Villa Ridge is an unincorporated community and census-designated place (CDP) in Franklin County, Missouri, United States. The population was 2,601 at the 2020 census, down from 2,636 at the 2010 census.

==History==
A post office called Villa Ridge has been in operation since 1889. The community was named for a ridge near the town site, with villa meaning "town".

==Geography==
Villa Ridge is located in northeastern Franklin County. It is on Missouri Route M between Interstate 44 two miles to the south and Missouri Route 100 one mile north. Pacific is seven miles east and Union is six miles to the west.
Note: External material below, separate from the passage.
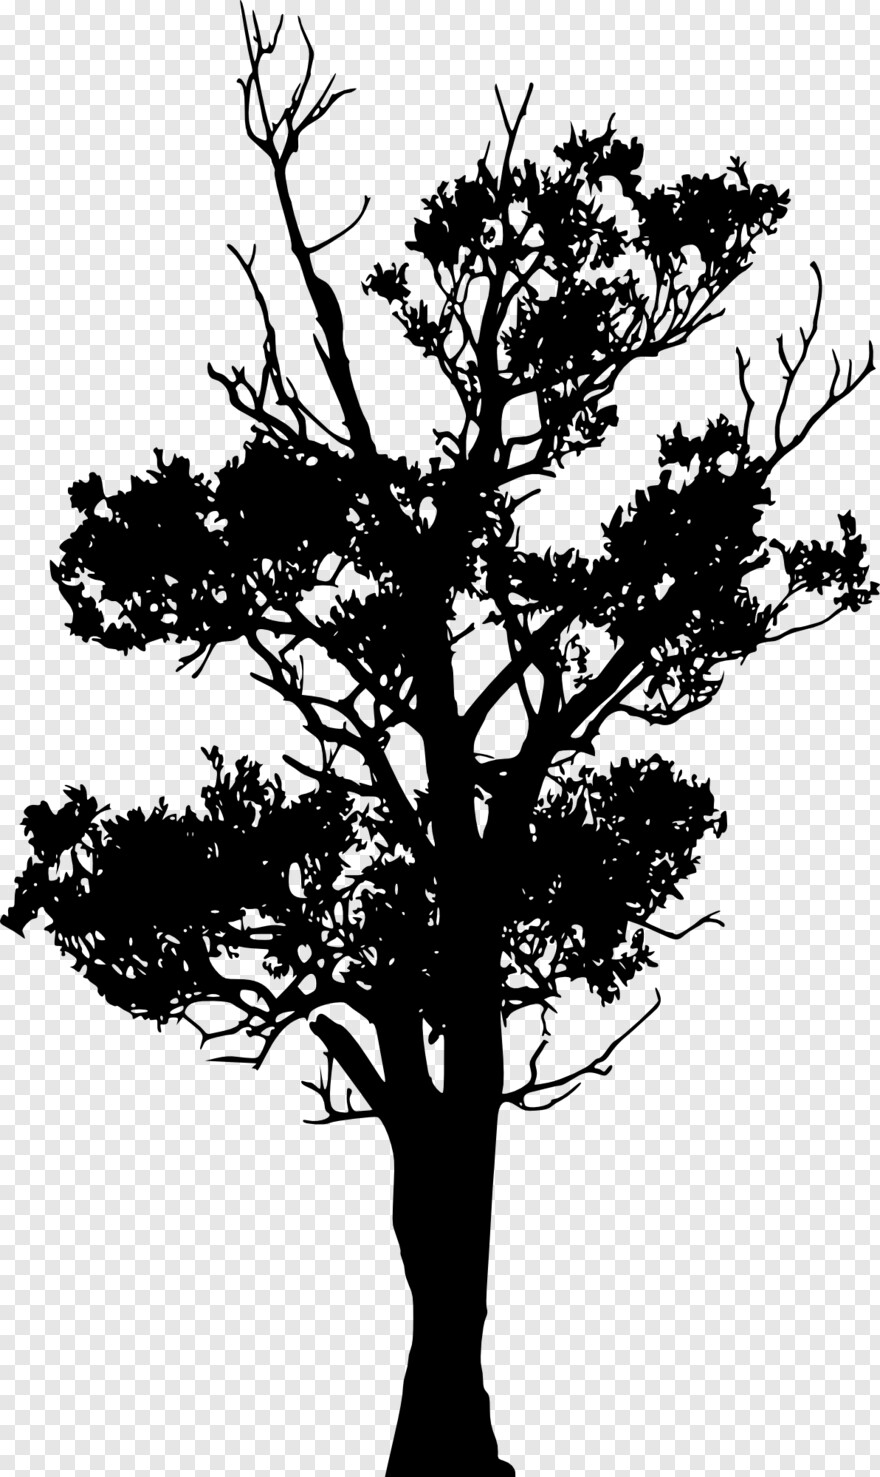 tree-icon # 459613

According to the United States Census Bureau, the CDP has a total area of 12.7 sqkm, of which 0.08 sqkm, or 0.65%, is water.

==Demographics==

Historical population
| Census | Pop. | Note | %± |
| 2000 | 2,417 |  | — |
| 2010 | 2,636 |  | 9.1% |
| 2020 | 2,601 |  | −1.3% |
U.S. Decennial Census

===2020 census===

As of the 2020 census, Villa Ridge had a population of 2,601. The median age was 43.3 years. 23.2% of residents were under the age of 18 and 17.7% of residents were 65 years of age or older. For every 100 females there were 101.9 males, and for every 100 females age 18 and over there were 102.4 males age 18 and over.

14.5% of residents lived in urban areas, while 85.5% lived in rural areas.

There were 979 households in Villa Ridge, of which 28.4% had children under the age of 18 living in them. Of all households, 57.9% were married-couple households, 17.0% were households with a male householder and no spouse or partner present, and 17.6% were households with a female householder and no spouse or partner present. About 21.7% of all households were made up of individuals and 8.5% had someone living alone who was 65 years of age or older.

There were 1,055 housing units, of which 7.2% were vacant. The homeowner vacancy rate was 1.4% and the rental vacancy rate was 8.9%.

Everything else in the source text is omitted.